Activation function


(ashish johnson) #1

can anyone give me a very basic real life example or any analogy of what is activation function is all about…??


(Martin) #2

Non-linearity is needed in activation functions because its aim in a neural network is to produce a nonlinear decision boundary via non-linear combinations of the weight and inputs.

Essentially with an activation function, a neuron can learn more complicated things.

Without activations, it would be only possible for the network to learn very basic things. Not logical things for example. It wouldn’t even be able to learn the basic and function even. The and function is very simple but without activation functions, it would be impossible to learn it (adding more neurons would not help).

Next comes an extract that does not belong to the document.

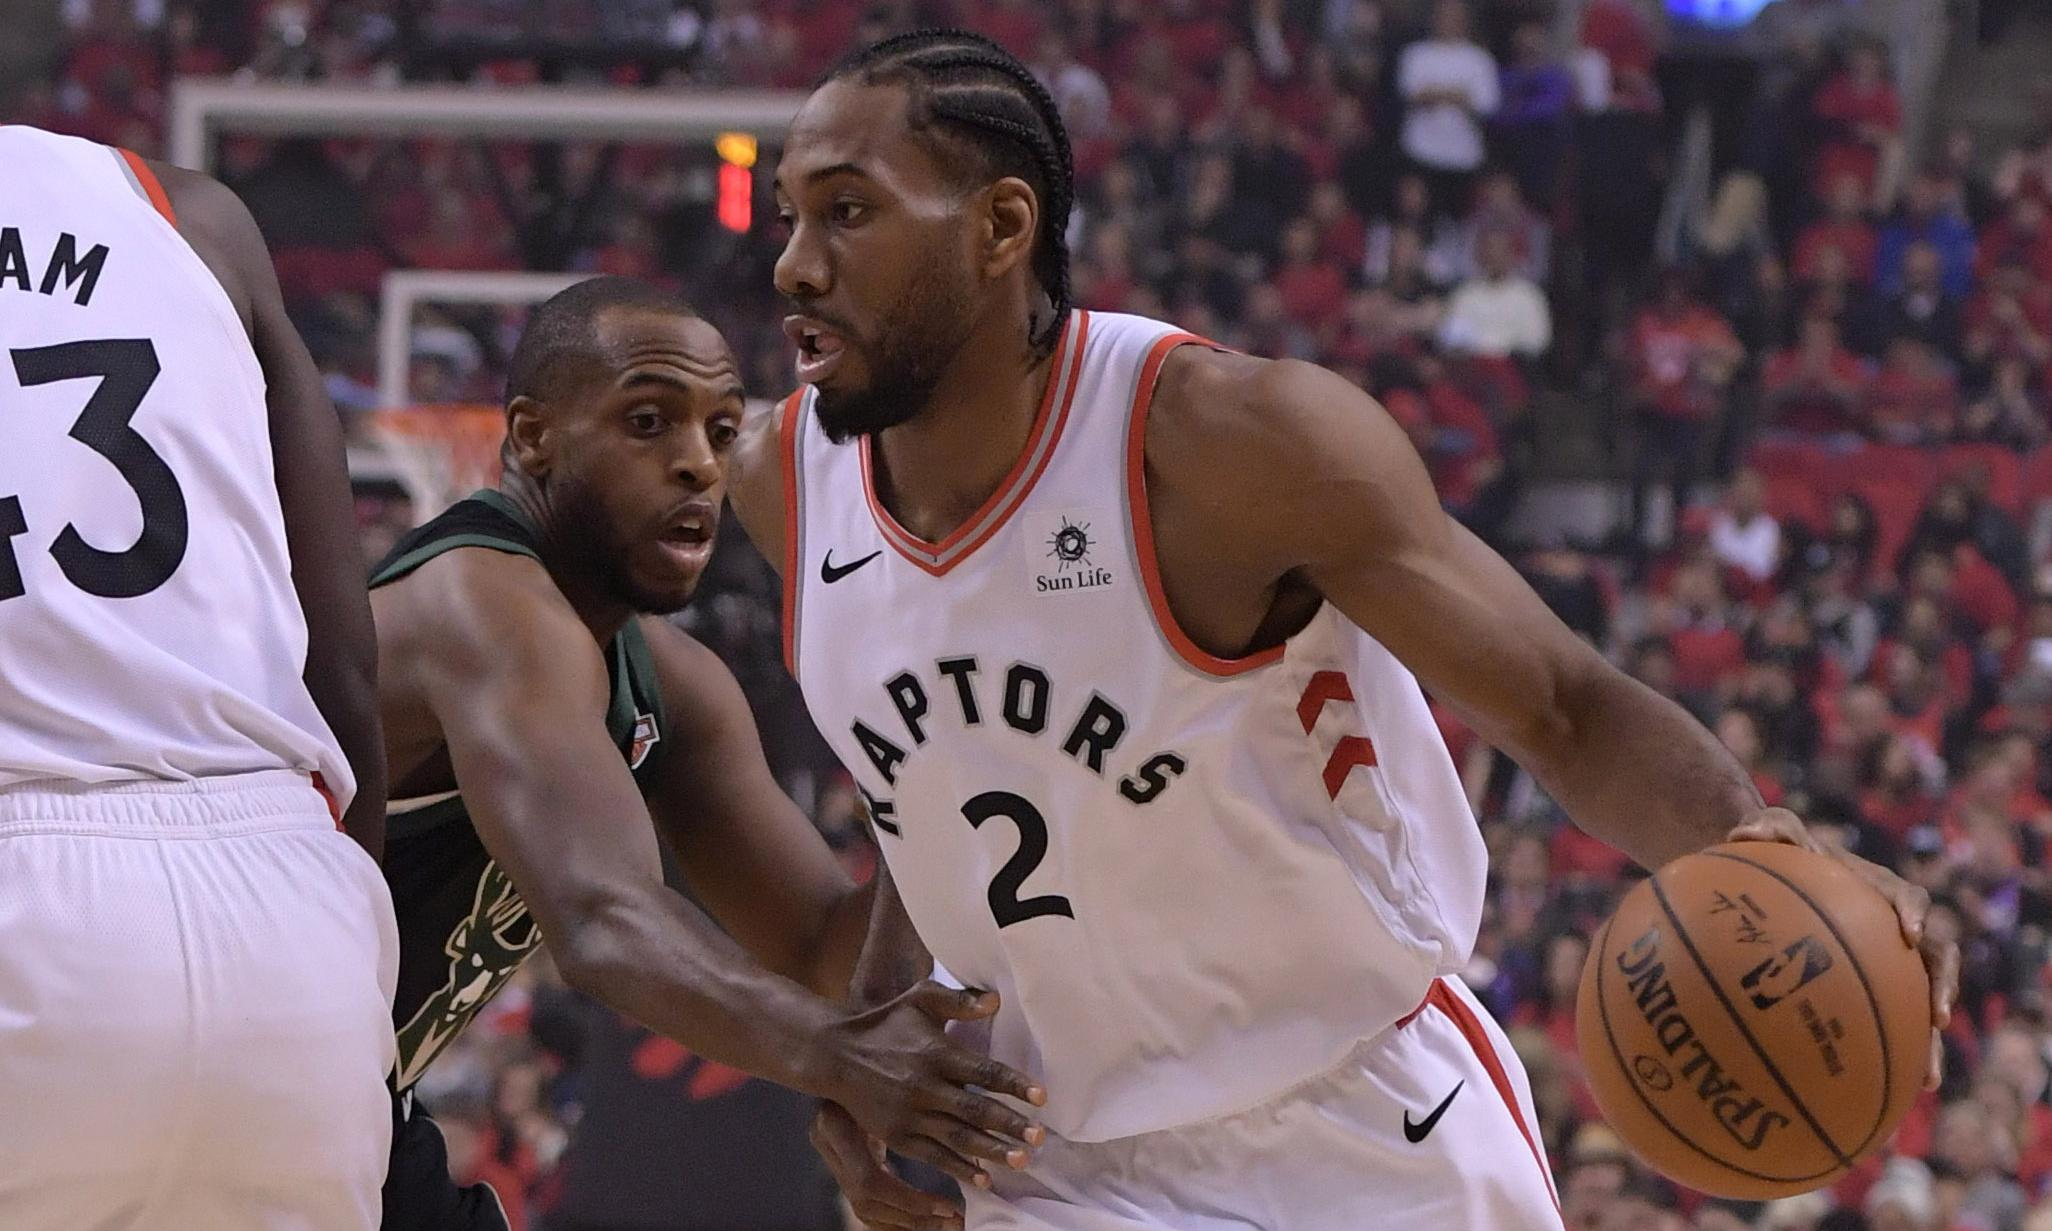 Toronto Raptors finish Milwaukee Bucks to seal first NBA finals berth

I’ll write some code to demonstrate… meanwhile here is a good in-depth article:


(Martin) #3
from fastai.conv_learner import *

class Demonstator_Network(nn.Module):
    def __init__(self, n_neurons=[2, 5, 5, 1], use_activation=False, activation=nn.Tanh):
        super(Demonstator_Network, self).__init__()

        self.activation = activation

        layers = []

        for i in range(len(n_neurons)-1):
            layers += [self.LinearBlock(n_neurons[i], n_neurons[i+1], use_activation)]

        self.layers = nn.Sequential(*layers)

    def forward(self, x):
        return self.layers(x)

    def LinearBlock(self, in_features, out_features, use_activation):
        layers = [nn.Linear(in_features, out_features)]

        if use_activation:
            layers += [self.activation()]

        return nn.Sequential(*layers)

class fullDataLoader():
    def __init__(self, bs, length):
        self.bs = bs
        self.length = length

    def __len__(self):
        return self.length

    def __iter__(self):
        for i in range(len(self)):
            random_bits = np.random.randint(0, 2, (self.bs, 2))

            logical_and = np.logical_and(random_bits[:, 0], random_bits[:, 1])

            and_output = np.where(logical_and, 1., 0.)

            yield torch.cuda.FloatTensor(random_bits), torch.cuda.FloatTensor(and_output).view(-1, 1)

def getModelData(bs, length=1000):
    train_dl = fullDataLoader(bs, length)
    valid_dl = fullDataLoader(bs, length)
    test_dl = fullDataLoader(bs, length)

    return ModelData(PATH, train_dl, valid_dl, test_dl)

data = getModelData(10, 100)

model = Demonstator_Network([2, 1, 1], use_activation=True).cuda()
# change to False and see how it is unable to learn

learner = ConvLearner.from_model_data(model, data, crit=nn.L1Loss(), opt_fn=optim.Adam)

learner.fit(0.1, 8)

batch = next(iter(data.trn_dl))

x = V(batch[0])
y_hat = learner.model(x)
y = V(batch[1])

print(f"input:\n{to_np(x[:10])}")
print(f"output:\n{to_np(y_hat[:10])}")
print(f"perfect output:\n{to_np(y[:10])}")